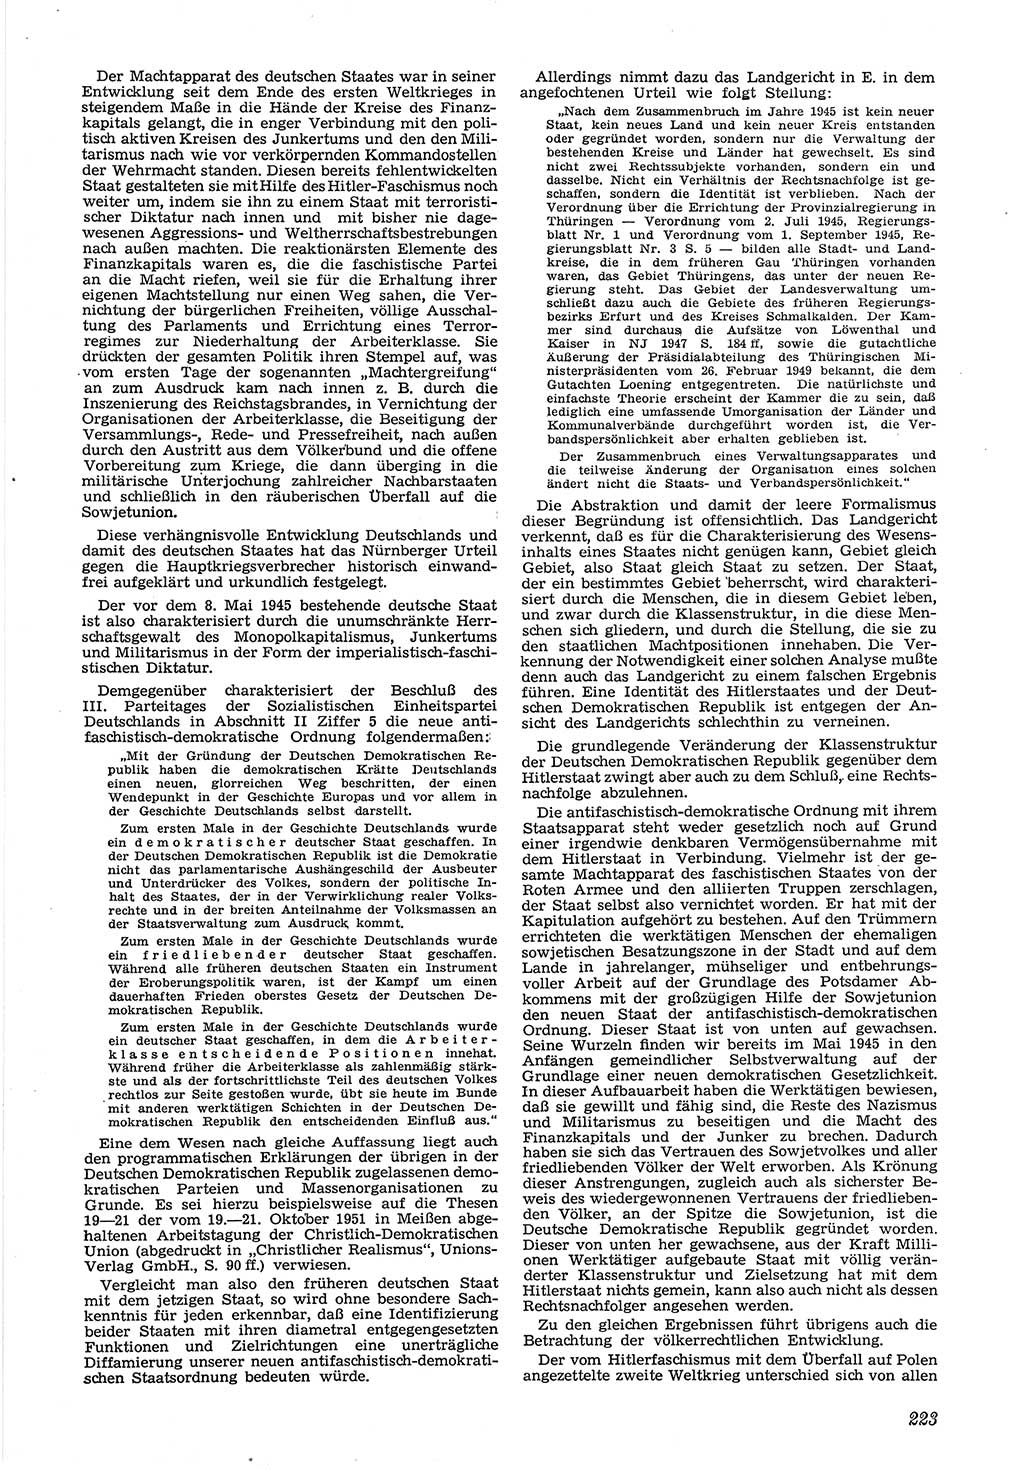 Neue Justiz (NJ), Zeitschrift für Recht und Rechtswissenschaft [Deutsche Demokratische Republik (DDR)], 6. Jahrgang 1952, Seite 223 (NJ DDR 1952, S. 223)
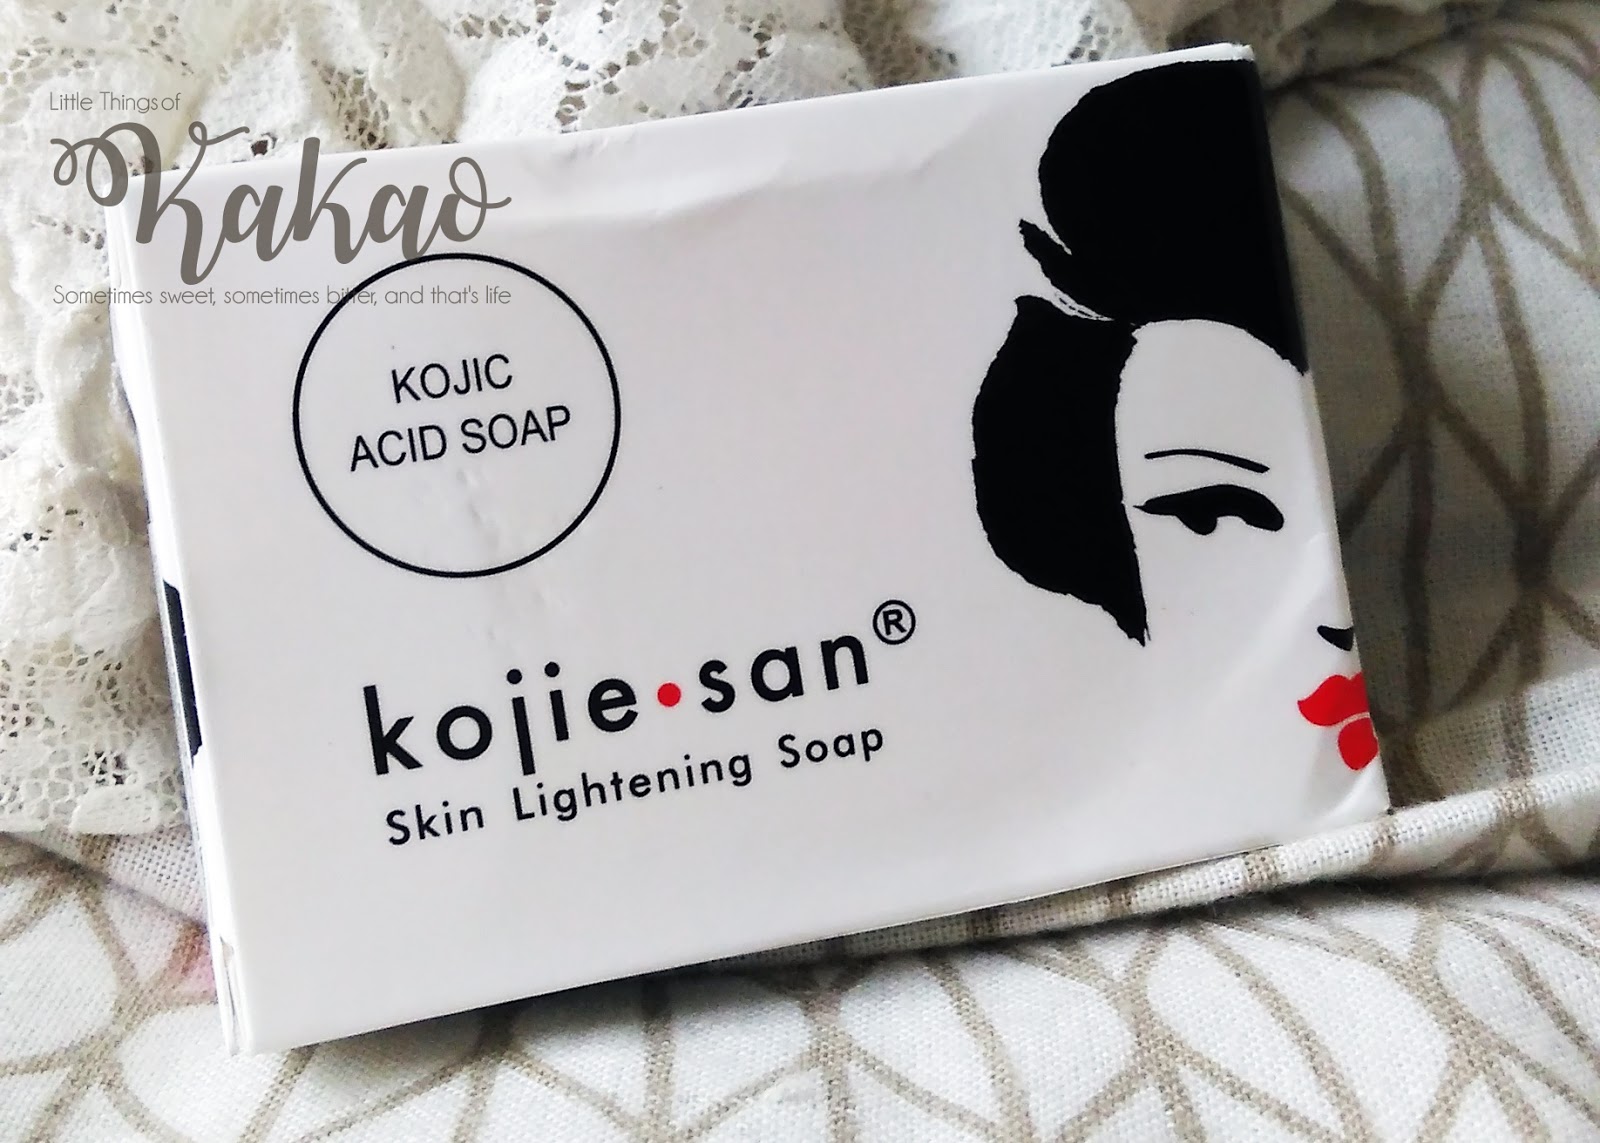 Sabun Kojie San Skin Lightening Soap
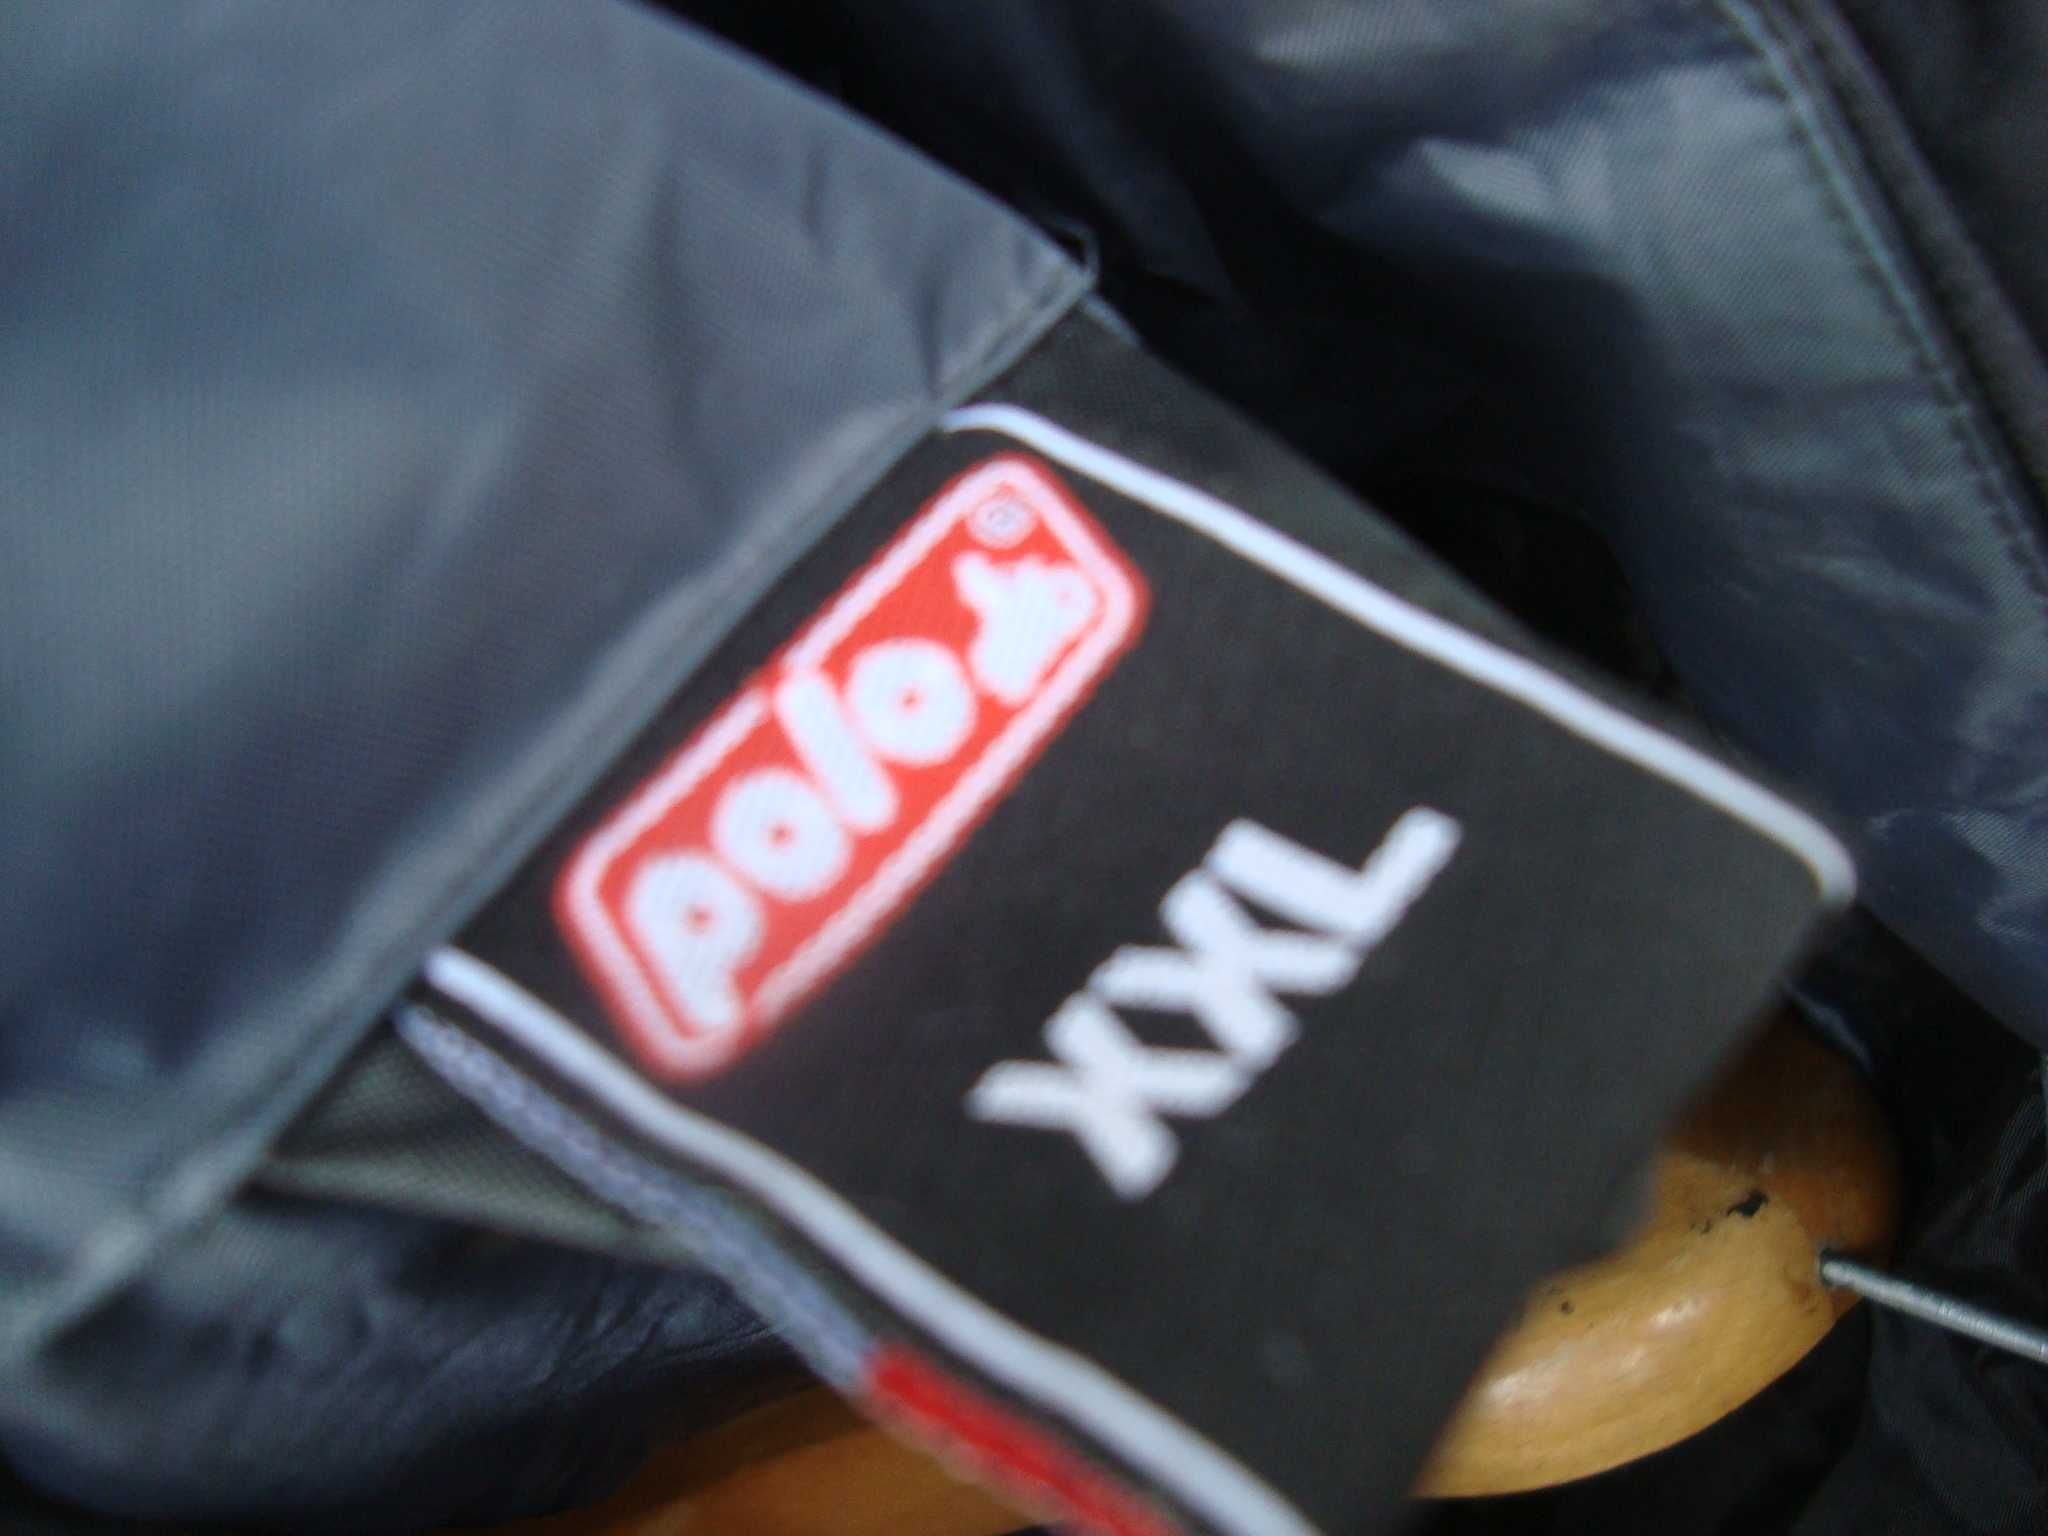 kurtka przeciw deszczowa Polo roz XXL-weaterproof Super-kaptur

**Your objective:** A faithful copy of all the lines above is needed, with the pictures omitted.

**Problem solution:**
 Neue Justiz (NJ), Zeitschrift für Recht und Rechtswissenschaft [Deutsche Demokratische Republik (DDR)], 6. Jahrgang 1952, Seite 223 (NJ DDR 1952, S. 223)
 Sabun Kojie San Skin Lightening Soap
 kurtka przeciw deszczowa Polo roz XXL-weaterproof Super-kaptur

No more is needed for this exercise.